**** Recorded data

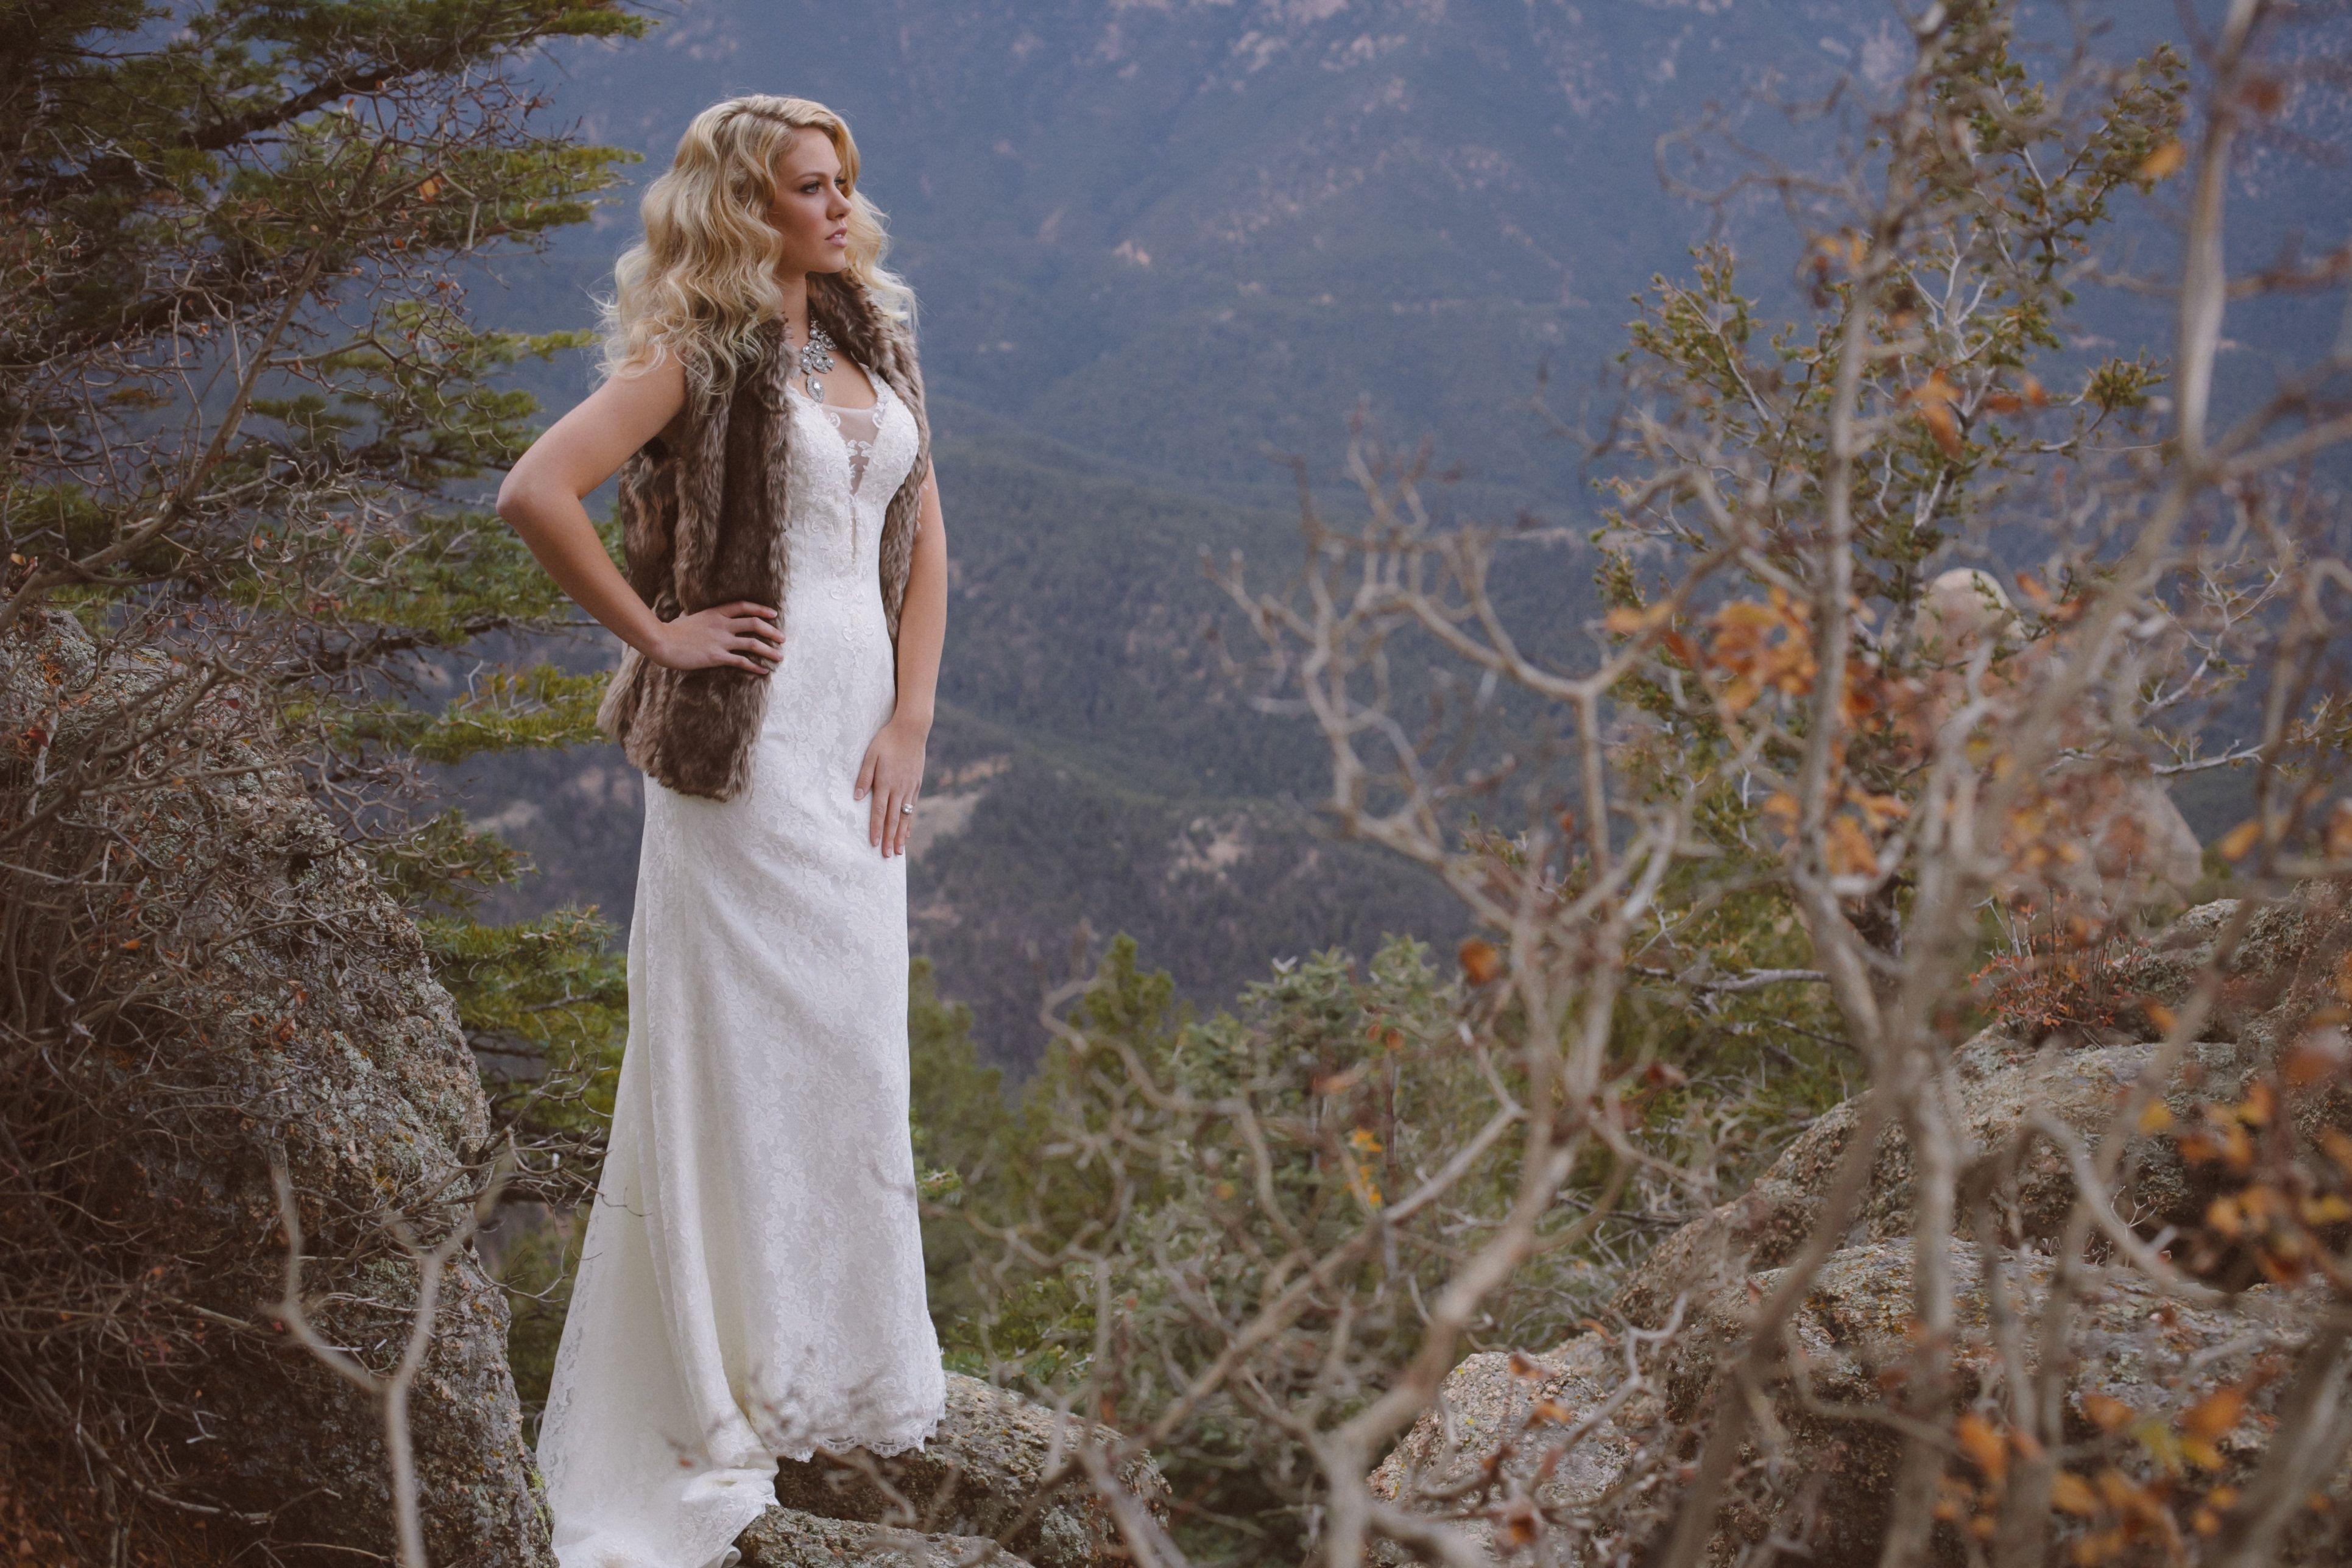 Divina Wedding Dresses at The Broadmoor Cloud Camp | Divina Wedding ...
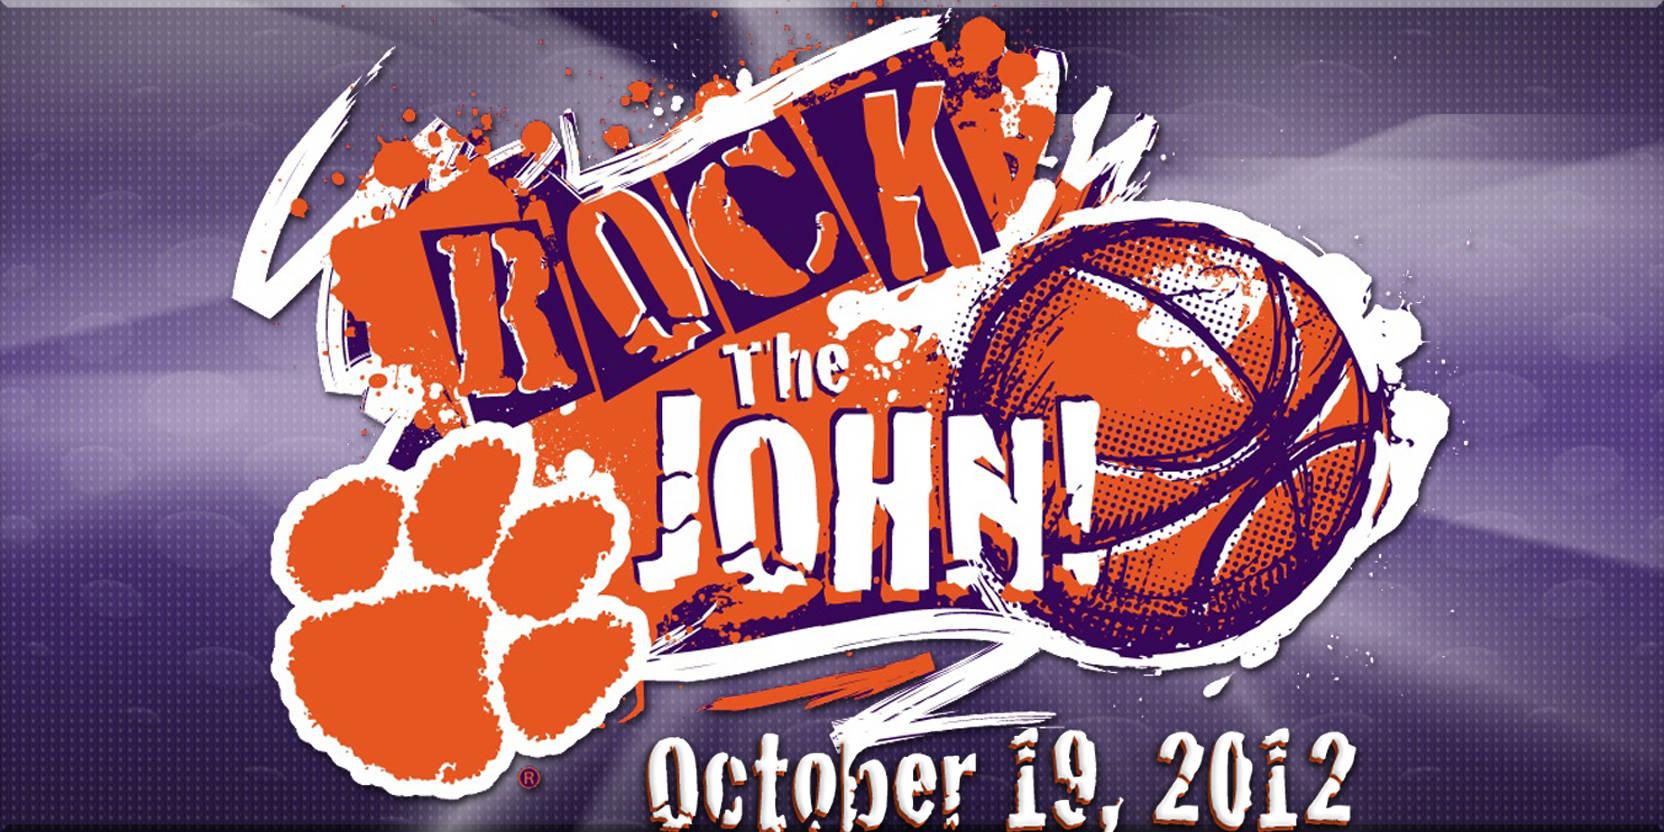 Tip Off the 2012-13 Basketball Season with Rock the 'John
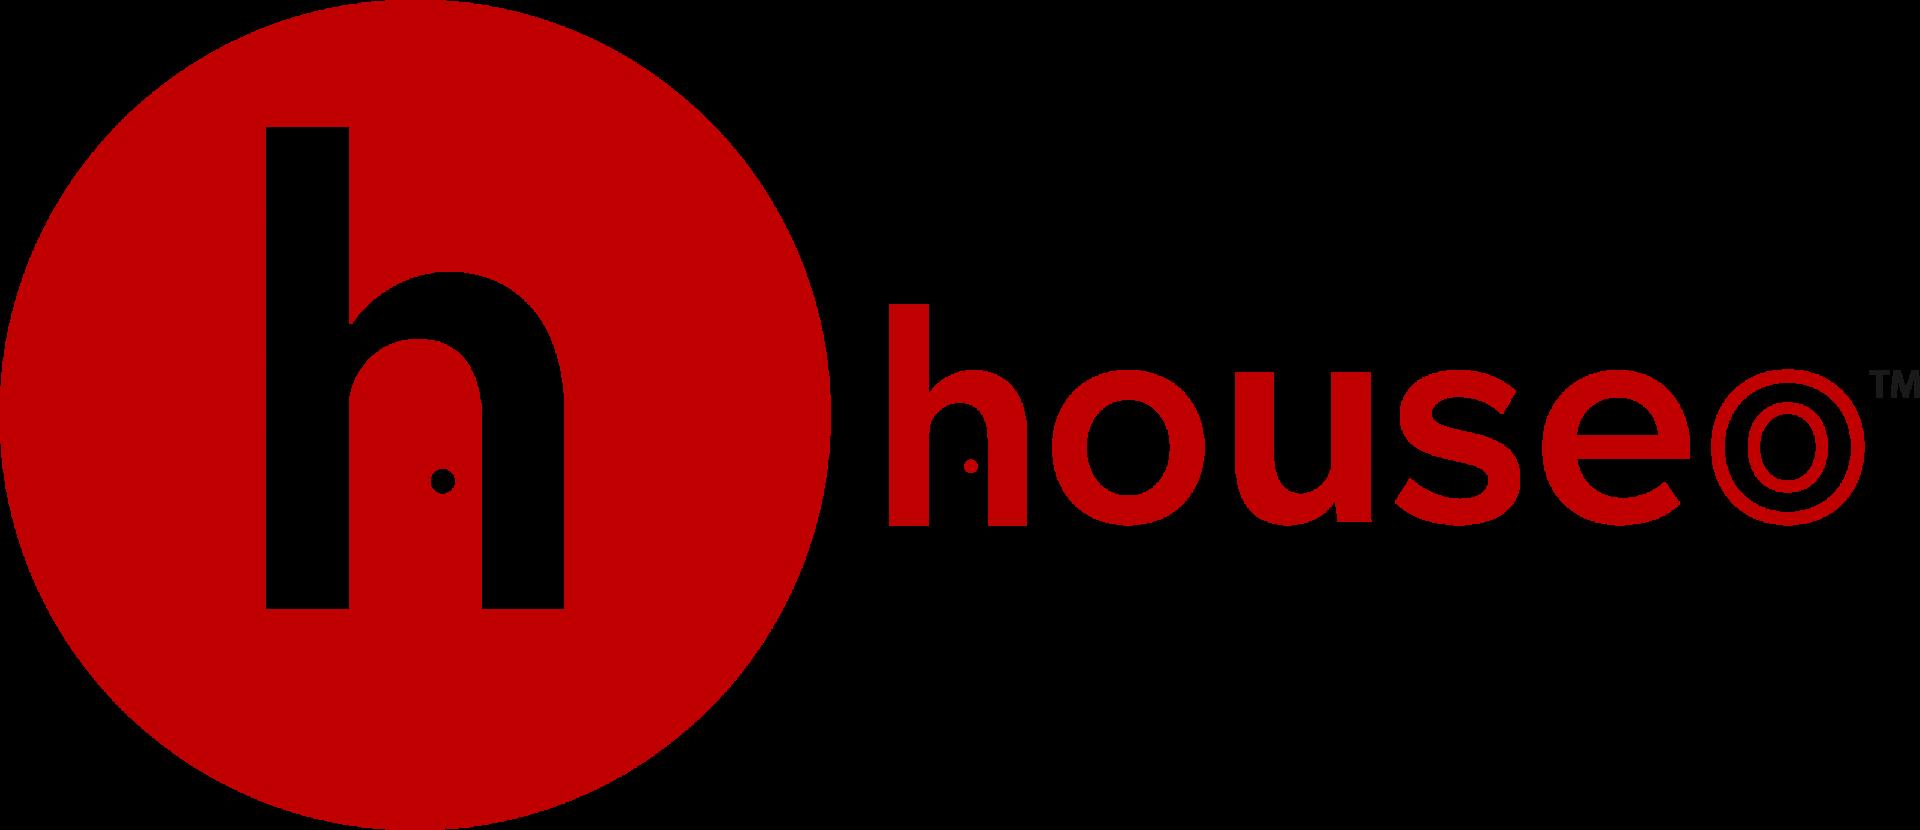 Houseo logo

********

What is being asked —
Output the full material exactly as given, without its pictures.

Result of this exercise —
 Divina Wedding Dresses at The Broadmoor Cloud Camp | Divina Wedding ...
 Tip Off the 2012-13 Basketball Season with Rock the 'John
 Houseo logo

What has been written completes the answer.